What is being asked » Starting at the line with "Price per % of THC", repeat every line exactly until the records end, including the last one.

(Collected data)
━━━━

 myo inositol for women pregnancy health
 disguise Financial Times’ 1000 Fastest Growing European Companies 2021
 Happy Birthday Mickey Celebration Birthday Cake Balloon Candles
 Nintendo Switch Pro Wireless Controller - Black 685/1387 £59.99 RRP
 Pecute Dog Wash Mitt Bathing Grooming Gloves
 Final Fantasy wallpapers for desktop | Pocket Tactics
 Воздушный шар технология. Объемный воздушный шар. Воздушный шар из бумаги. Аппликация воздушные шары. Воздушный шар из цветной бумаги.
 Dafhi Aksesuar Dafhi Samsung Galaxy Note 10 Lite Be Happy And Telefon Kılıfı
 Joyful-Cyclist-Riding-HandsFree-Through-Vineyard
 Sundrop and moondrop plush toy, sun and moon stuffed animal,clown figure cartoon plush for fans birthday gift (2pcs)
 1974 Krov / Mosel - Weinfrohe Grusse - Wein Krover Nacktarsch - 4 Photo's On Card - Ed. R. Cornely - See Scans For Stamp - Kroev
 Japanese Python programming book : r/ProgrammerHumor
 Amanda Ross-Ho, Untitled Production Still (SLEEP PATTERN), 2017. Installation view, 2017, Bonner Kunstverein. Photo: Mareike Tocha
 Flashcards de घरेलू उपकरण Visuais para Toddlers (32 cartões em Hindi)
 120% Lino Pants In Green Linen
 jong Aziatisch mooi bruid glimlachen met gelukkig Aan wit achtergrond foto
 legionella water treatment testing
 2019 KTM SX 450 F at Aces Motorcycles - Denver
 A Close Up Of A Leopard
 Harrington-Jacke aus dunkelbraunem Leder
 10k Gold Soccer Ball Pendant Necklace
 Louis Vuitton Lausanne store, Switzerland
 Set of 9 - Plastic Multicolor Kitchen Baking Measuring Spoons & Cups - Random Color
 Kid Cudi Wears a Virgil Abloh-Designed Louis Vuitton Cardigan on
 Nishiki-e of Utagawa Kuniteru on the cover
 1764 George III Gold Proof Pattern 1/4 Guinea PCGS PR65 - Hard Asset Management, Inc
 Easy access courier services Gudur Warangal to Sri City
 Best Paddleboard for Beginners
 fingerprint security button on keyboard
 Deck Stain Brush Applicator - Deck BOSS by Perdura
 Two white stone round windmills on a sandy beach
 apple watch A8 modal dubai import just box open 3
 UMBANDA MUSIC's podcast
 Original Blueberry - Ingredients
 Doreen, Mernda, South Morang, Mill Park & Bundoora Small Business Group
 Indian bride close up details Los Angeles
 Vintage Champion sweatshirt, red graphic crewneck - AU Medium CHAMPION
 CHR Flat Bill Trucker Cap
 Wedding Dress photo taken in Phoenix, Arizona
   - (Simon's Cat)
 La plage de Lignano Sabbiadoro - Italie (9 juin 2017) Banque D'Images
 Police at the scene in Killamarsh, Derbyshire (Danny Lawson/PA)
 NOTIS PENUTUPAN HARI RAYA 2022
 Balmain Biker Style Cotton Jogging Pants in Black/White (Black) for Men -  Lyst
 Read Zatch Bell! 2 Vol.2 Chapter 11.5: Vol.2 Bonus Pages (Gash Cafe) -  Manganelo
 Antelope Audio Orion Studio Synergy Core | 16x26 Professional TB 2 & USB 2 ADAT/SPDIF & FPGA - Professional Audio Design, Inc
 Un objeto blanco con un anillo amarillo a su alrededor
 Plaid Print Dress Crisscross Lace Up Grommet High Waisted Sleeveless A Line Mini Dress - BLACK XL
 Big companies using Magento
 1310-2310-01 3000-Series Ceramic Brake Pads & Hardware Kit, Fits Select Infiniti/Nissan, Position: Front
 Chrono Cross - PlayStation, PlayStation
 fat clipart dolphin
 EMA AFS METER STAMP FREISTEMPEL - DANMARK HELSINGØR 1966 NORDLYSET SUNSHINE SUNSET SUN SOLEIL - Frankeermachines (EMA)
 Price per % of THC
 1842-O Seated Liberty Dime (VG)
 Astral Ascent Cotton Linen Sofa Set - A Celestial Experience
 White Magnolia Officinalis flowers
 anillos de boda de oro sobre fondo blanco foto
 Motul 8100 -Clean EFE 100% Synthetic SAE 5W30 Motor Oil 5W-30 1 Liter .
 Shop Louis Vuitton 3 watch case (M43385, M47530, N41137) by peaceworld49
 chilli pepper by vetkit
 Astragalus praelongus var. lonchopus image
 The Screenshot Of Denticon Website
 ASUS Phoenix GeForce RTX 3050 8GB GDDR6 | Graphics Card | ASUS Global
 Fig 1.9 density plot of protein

━━━━

Response »
 Price per % of THC
 1842-O Seated Liberty Dime (VG)
 Astral Ascent Cotton Linen Sofa Set - A Celestial Experience
 White Magnolia Officinalis flowers
 anillos de boda de oro sobre fondo blanco foto
 Motul 8100 -Clean EFE 100% Synthetic SAE 5W30 Motor Oil 5W-30 1 Liter .
 Shop Louis Vuitton 3 watch case (M43385, M47530, N41137) by peaceworld49
 chilli pepper by vetkit
 Astragalus praelongus var. lonchopus image
 The Screenshot Of Denticon Website
 ASUS Phoenix GeForce RTX 3050 8GB GDDR6 | Graphics Card | ASUS Global
 Fig 1.9 density plot of protein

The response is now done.